Eco nega o "fim do livro"

(publicado em 31/10/1998)

MAURÍCIO SANTANA DIAS
de Buenos Aires

Na quinta-feira passada a cidade de Buenos Aires foi de Umberto Eco. O autor de "A Obra Aberta" e "O Nome da Rosa" veio à Argentina inaugurar a sede portenha da universidade de Bolonha, onde leciona.

Pela manhã, numa entrevista coletiva apinhada de jornalistas, Umberto Eco foi como sempre irônico e espirituoso, mas preferiu deixar que o reitor da universidade fizesse as honras da casa.

Pinochet

Indagado sobre a atual situação dos direitos humanos e a detenção do general Pinochet, o professor de Bolonha respondeu que este era "um caso complicado".

"Há as pessoas comuns, que dizem: 'Que beleza, prenderam Pinochet!'. Depois, constatamos com tristeza que muitos, na verdade, gostam do general.

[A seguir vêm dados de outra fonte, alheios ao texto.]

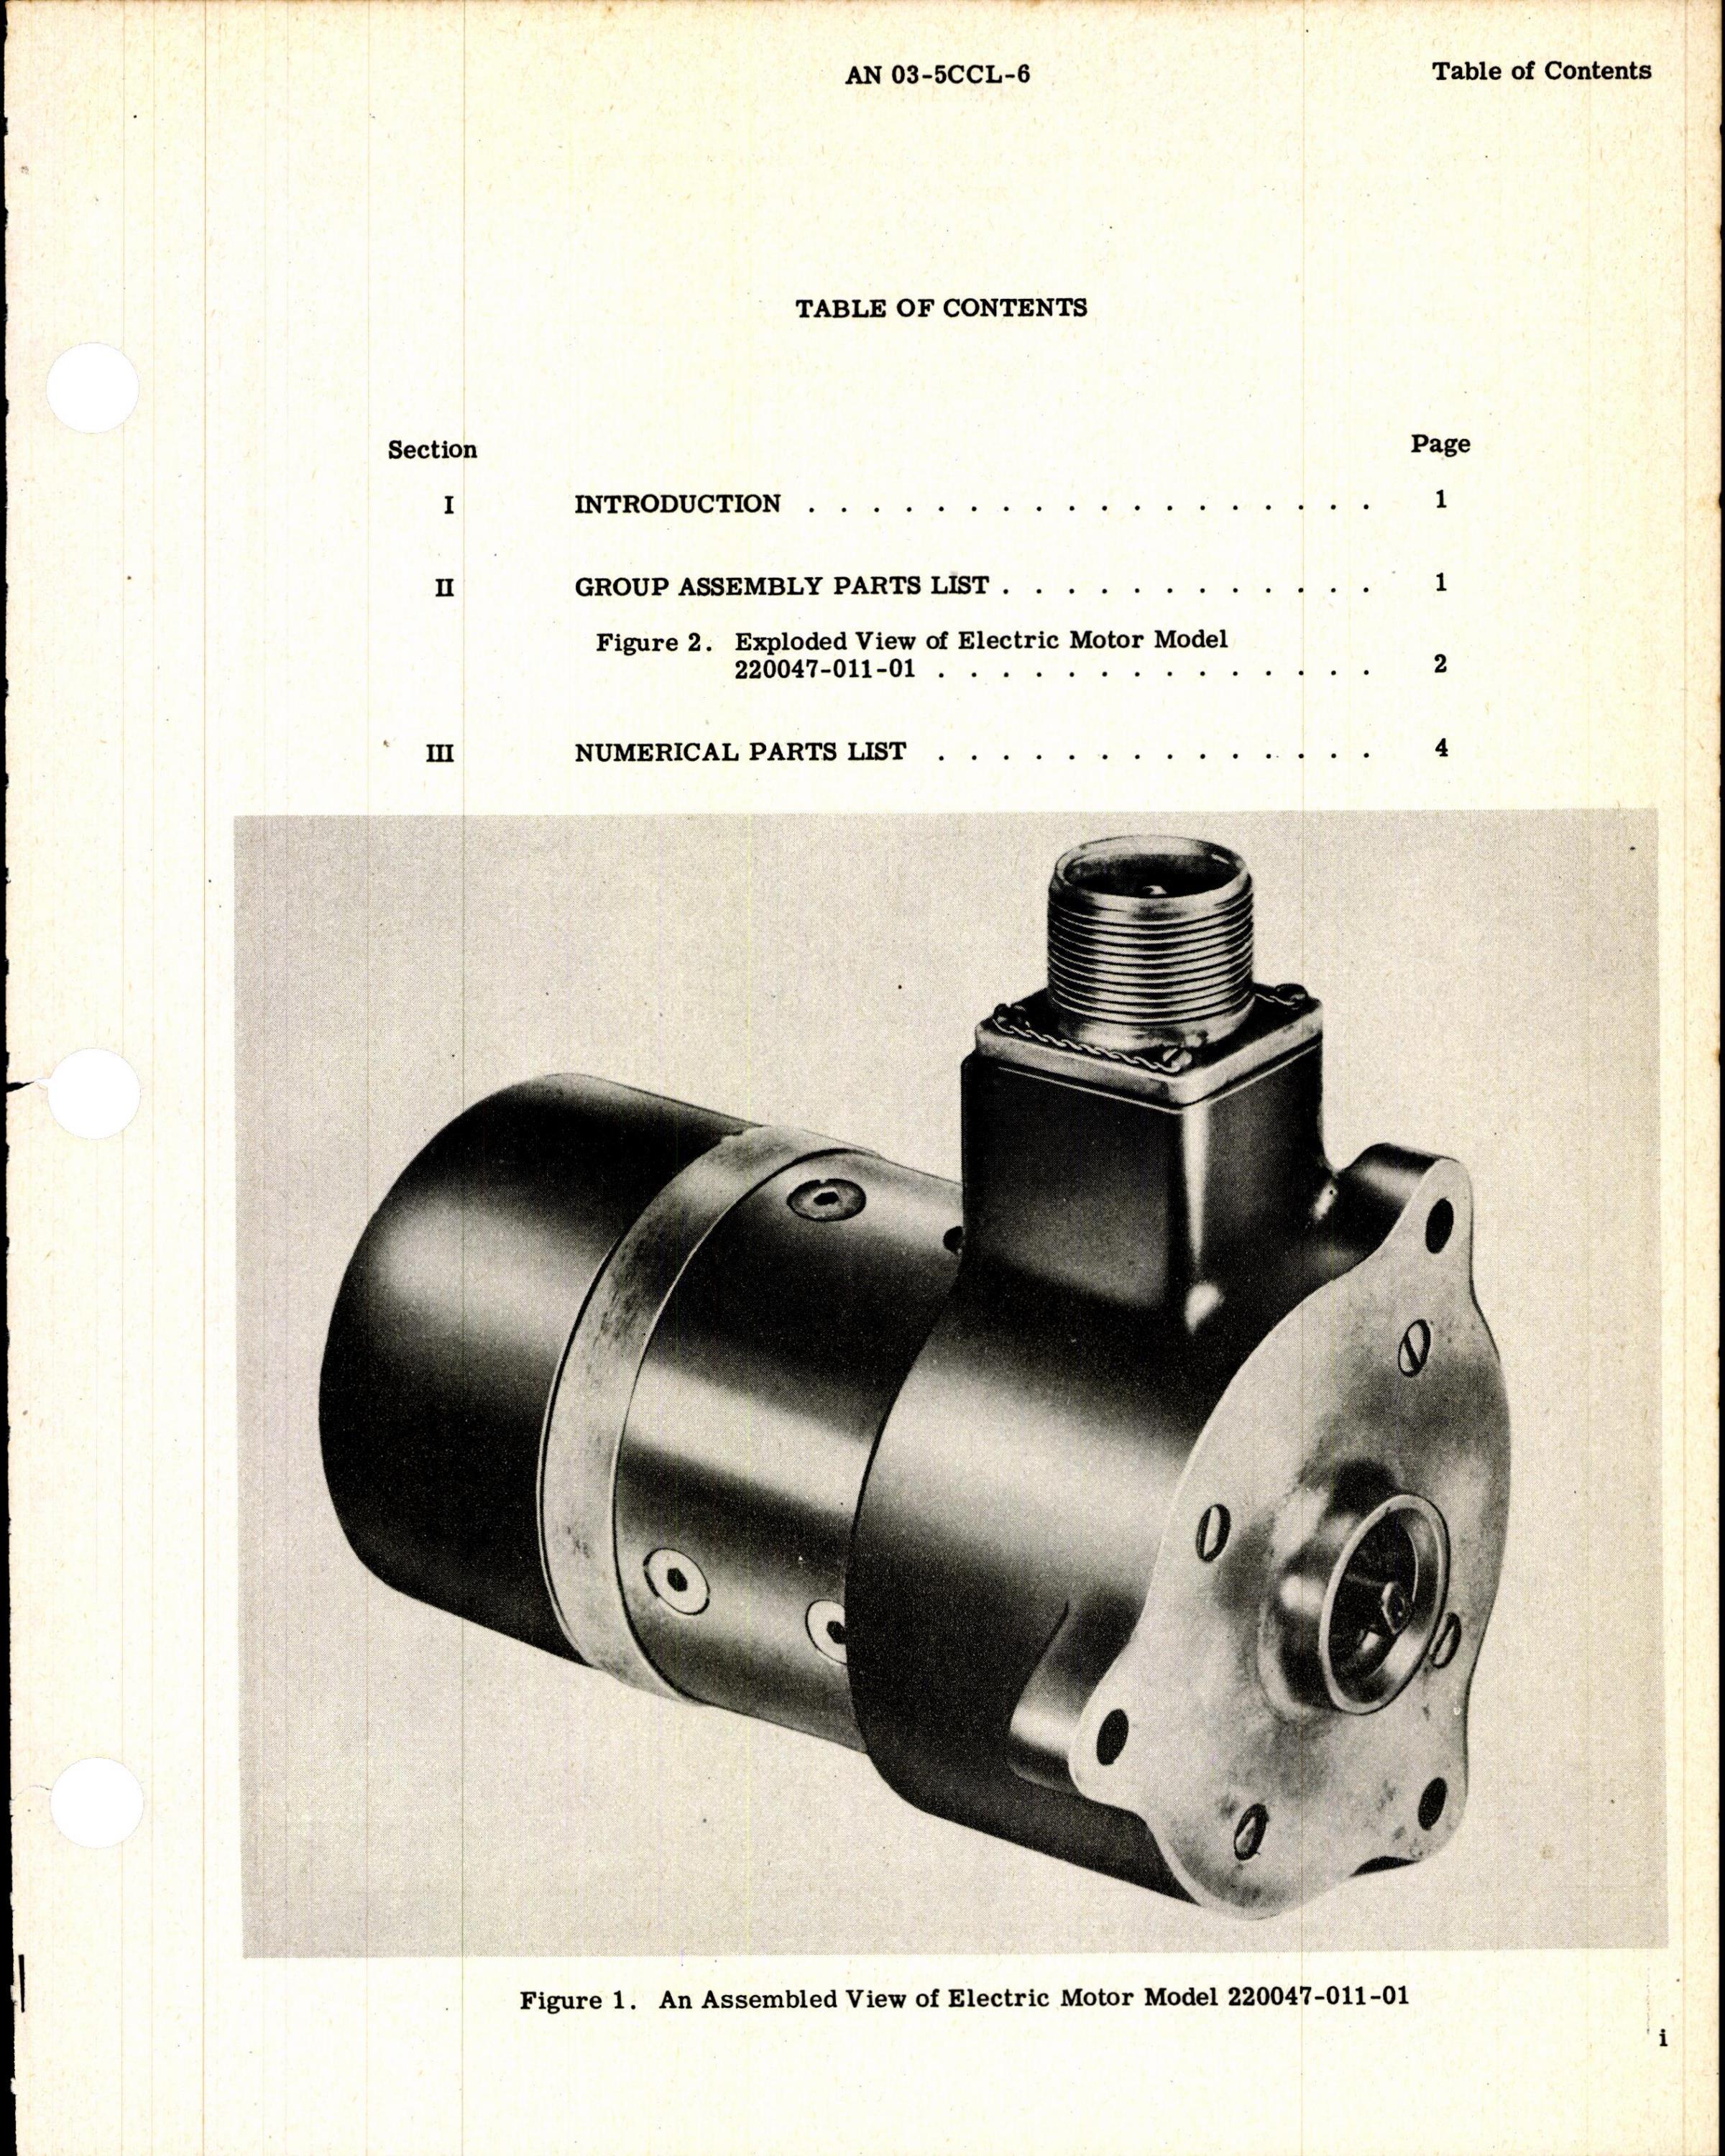 Sample page 3 from AirCorps Library document: Parts Catalog for Pesco Electric Motors, Model 220047-011-01

Há ainda aqueles que alegam a sua idade avançada, e acham melhor que ele volte. De qualquer modo, foi importante que o juiz espanhol tivesse lembrado os crimes cometidos por Pinochet, o que, se não chega a fortalecer a justiça, fortalece a moral", concluiu Eco.

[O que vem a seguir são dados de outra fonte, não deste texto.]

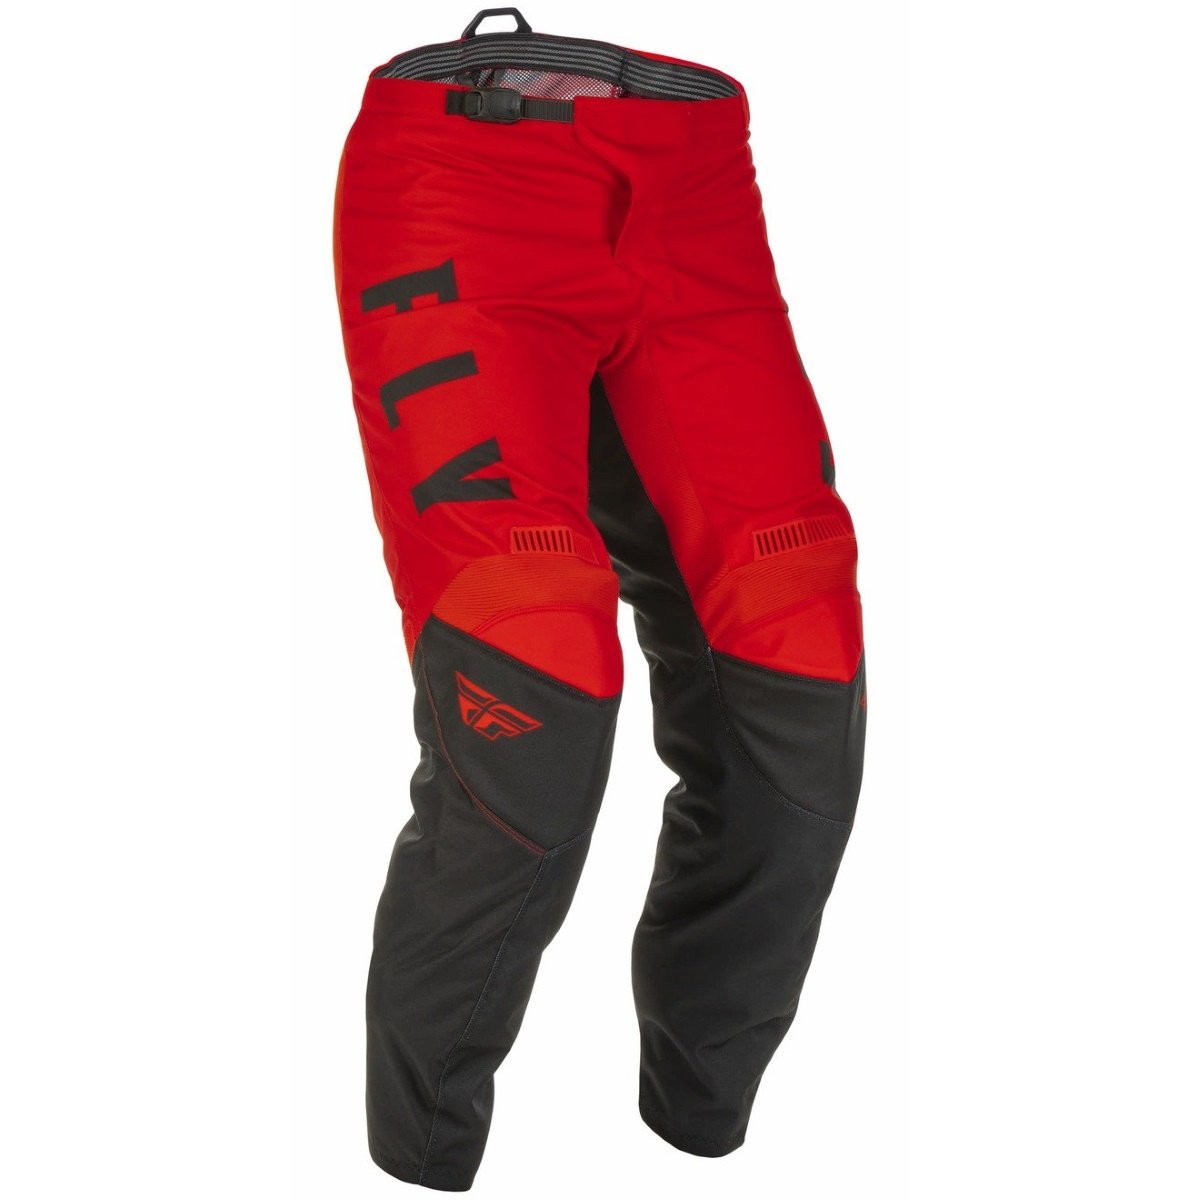 FLY RACING Kalhoty Youth F-16 2022 Red/Black 18

Sua declaração foi reprisada durante todo o dia pelas televisões locais.

Encontros literários

À noite foi a vez da aula magna, proferida num teatro Coliseu lotado.

Poucos minutos antes da hora prevista para o início, uma salva de palmas ecoou no teatro. Todos pensaram que Umberto Eco tivesse chegado, mas na verdade as palmas se dirigiam para o escritor argentino Ernesto Sábato, que se sentou na primeira fila.

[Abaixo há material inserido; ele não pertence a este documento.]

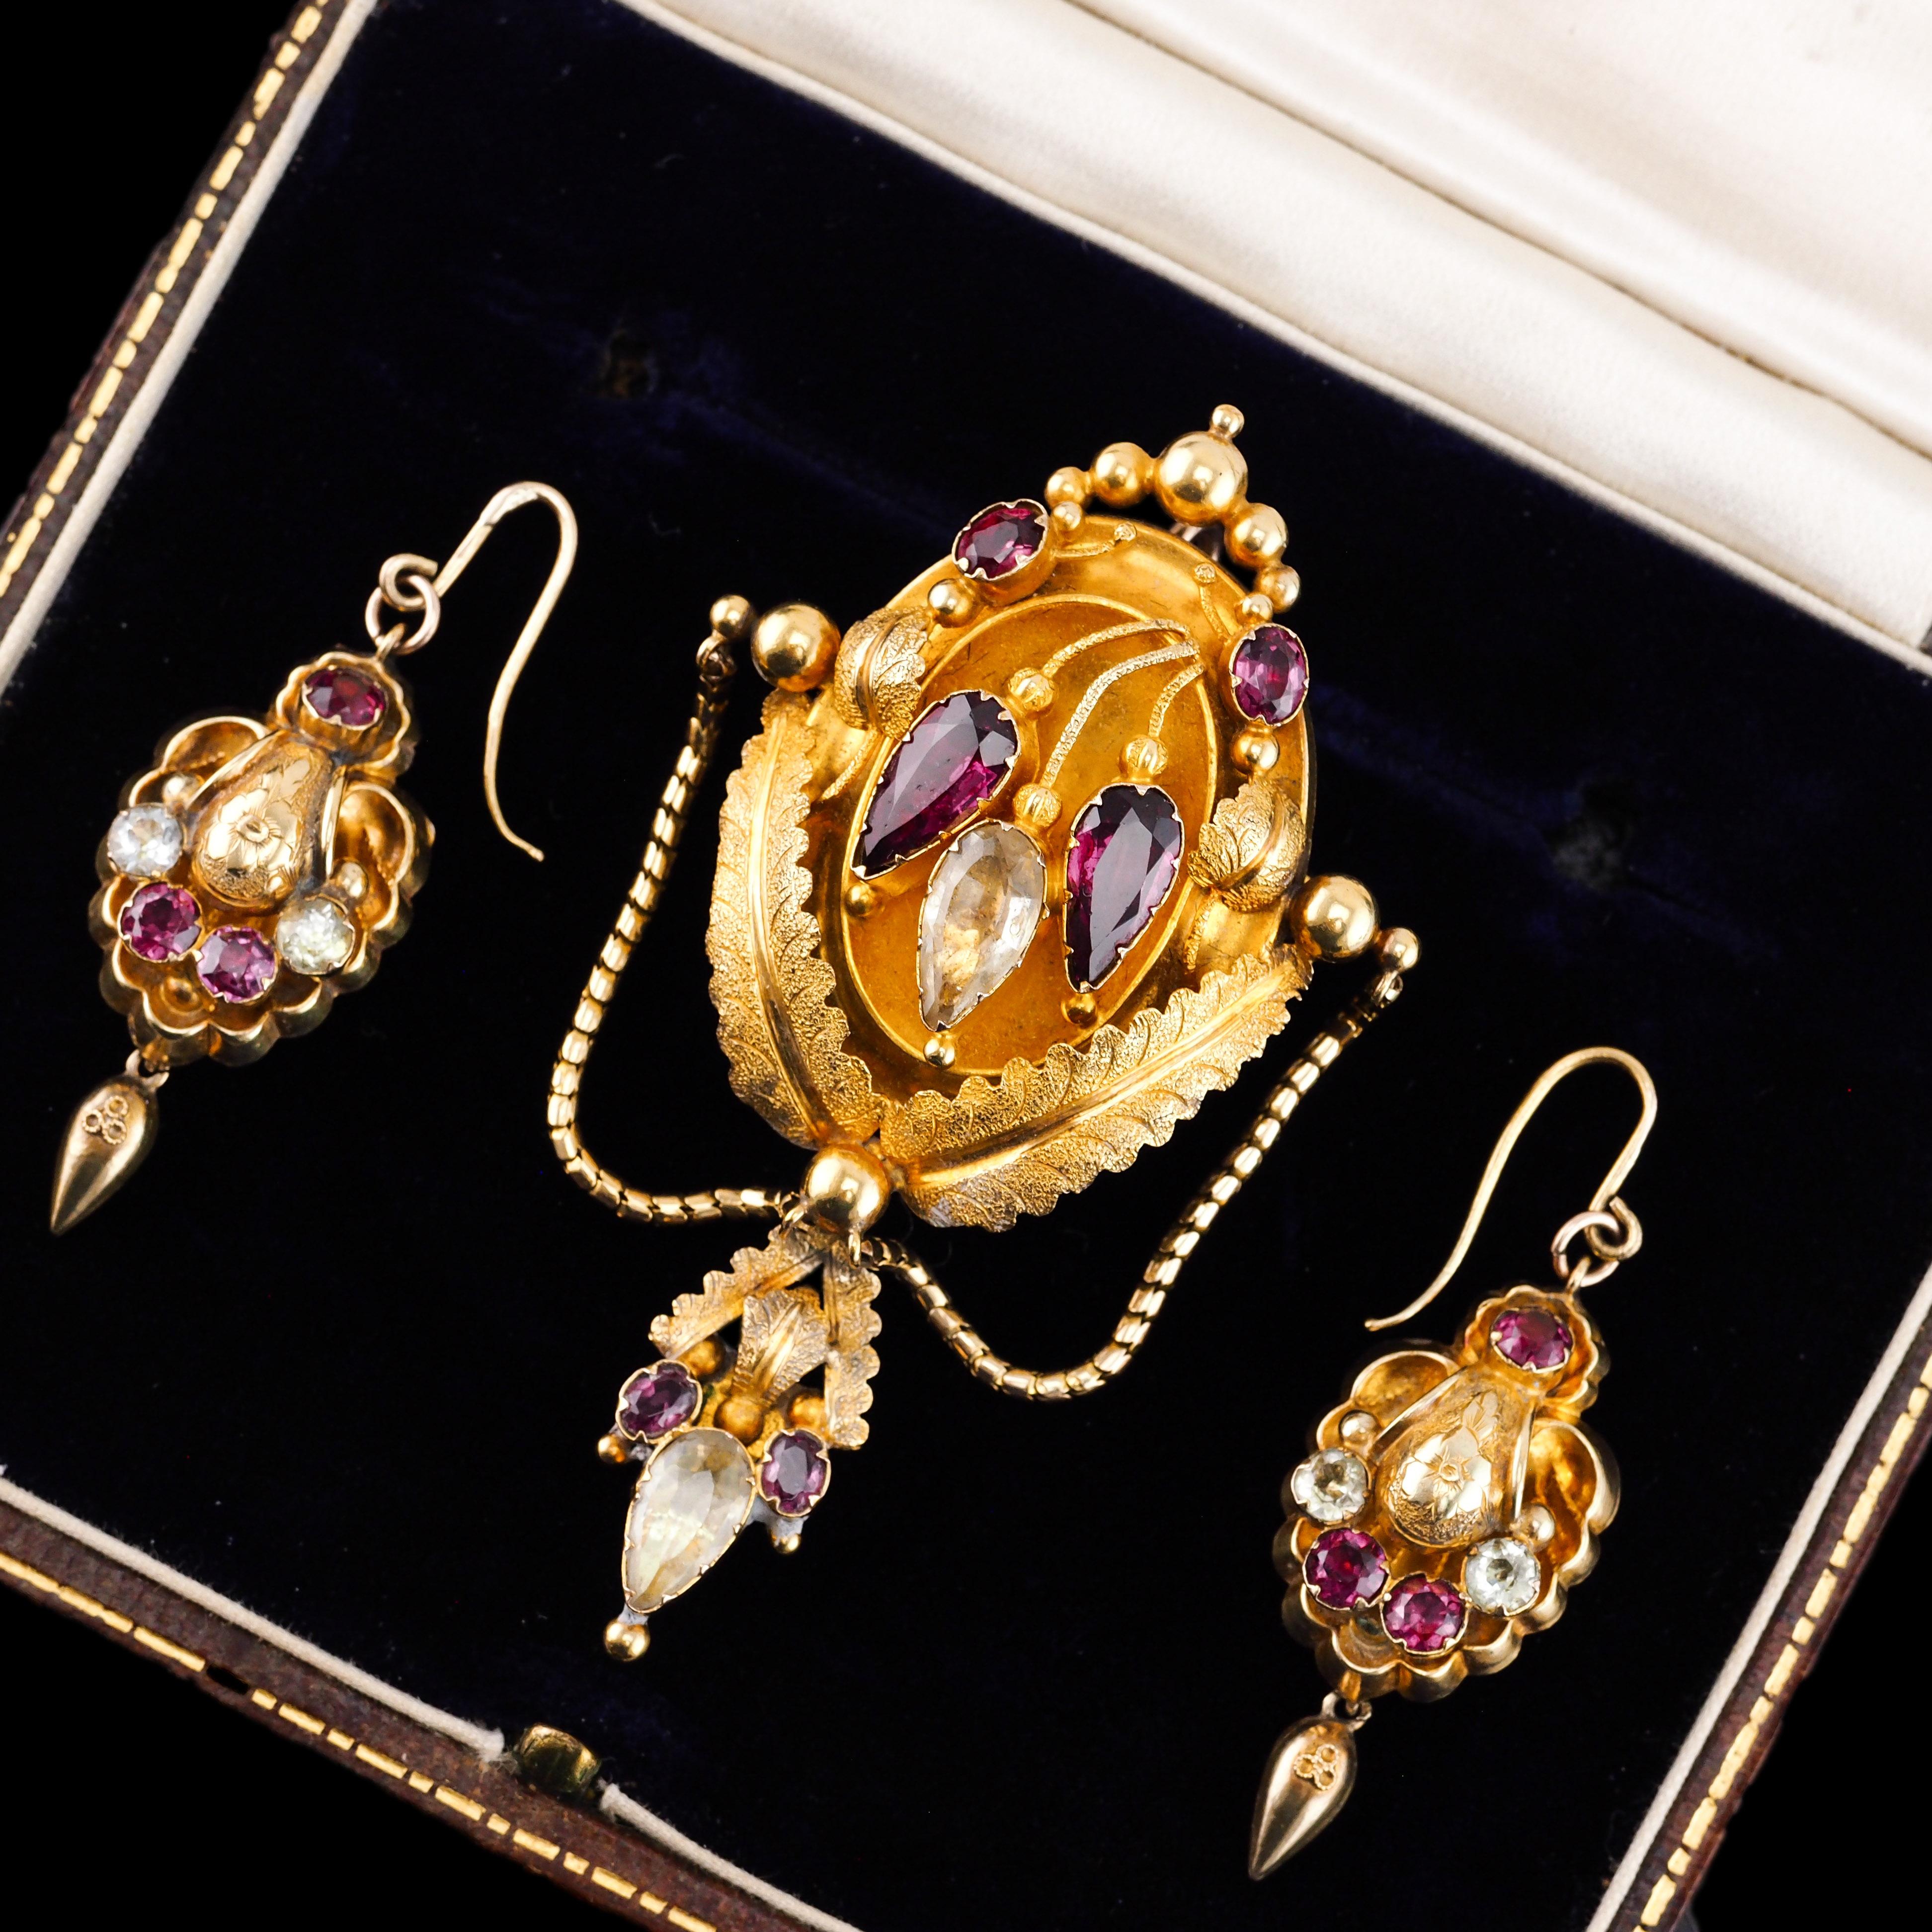 Antique 18K Gold Brooch Pendant & Earrings Garnet & Chrysoberyl - c.1870 In Good Condition For Sale In London, GB

Logo depois chegou Eco, também muito aplaudido, que foi logo cumprimentar o seu colega argentino e a viúva de Jorge Luís Borges, Maria Kodama.

Como costuma acontecer na Argentina, todo evento, qualquer que seja, termina se tornando também um evento político.

Quando anunciaram que a cerimônia se atrasaria porque o vice-presidente, Carlos Ruckauf, ainda estava a caminho, as vaias não se fizeram esperar.

Depois de quase meia hora de expectativa, falaram o cônsul e o reitor italiano, seguidos pelo prefeito de Buenos Aires e candidato à presidência em 1999, Fernando de la Rúa --que foi aplaudido.

Como nesse tipo de cerimônia as gafes também são muito comuns, De la Rúa apresentou com orgulho "o eminente professor, Prêmio Nobel...", ao que foi secundado por Ruckauf, "temos a honra de receber o Prêmio Nobel...". Ora, Eco nunca recebeu o Nobel.

"O fim do livro"

Finalmente Eco subiu ao palco. Mexendo-se muito, misturando frases em inglês com referências latinas, francesas e borgianas ("Pierre Menard", "Funes, o Memorioso"), Eco explicou com clareza e exemplos cômicos o que pensa sobre o tal "fim do livro".

Para ele, os "livros de leitura", aqueles que pegamos e lemos do início ao fim, vão permanecer para sempre, porque "ainda não inventaram nada melhor". Já os "livros de consulta" serão substituídos pelos hipertextos, mais eficientes, econômicos e --fundamental-- menos espaçosos.

Então, "longa vida ao livro no próximo milênio", disse entusiasmado Umberto Eco no encerramento da aula.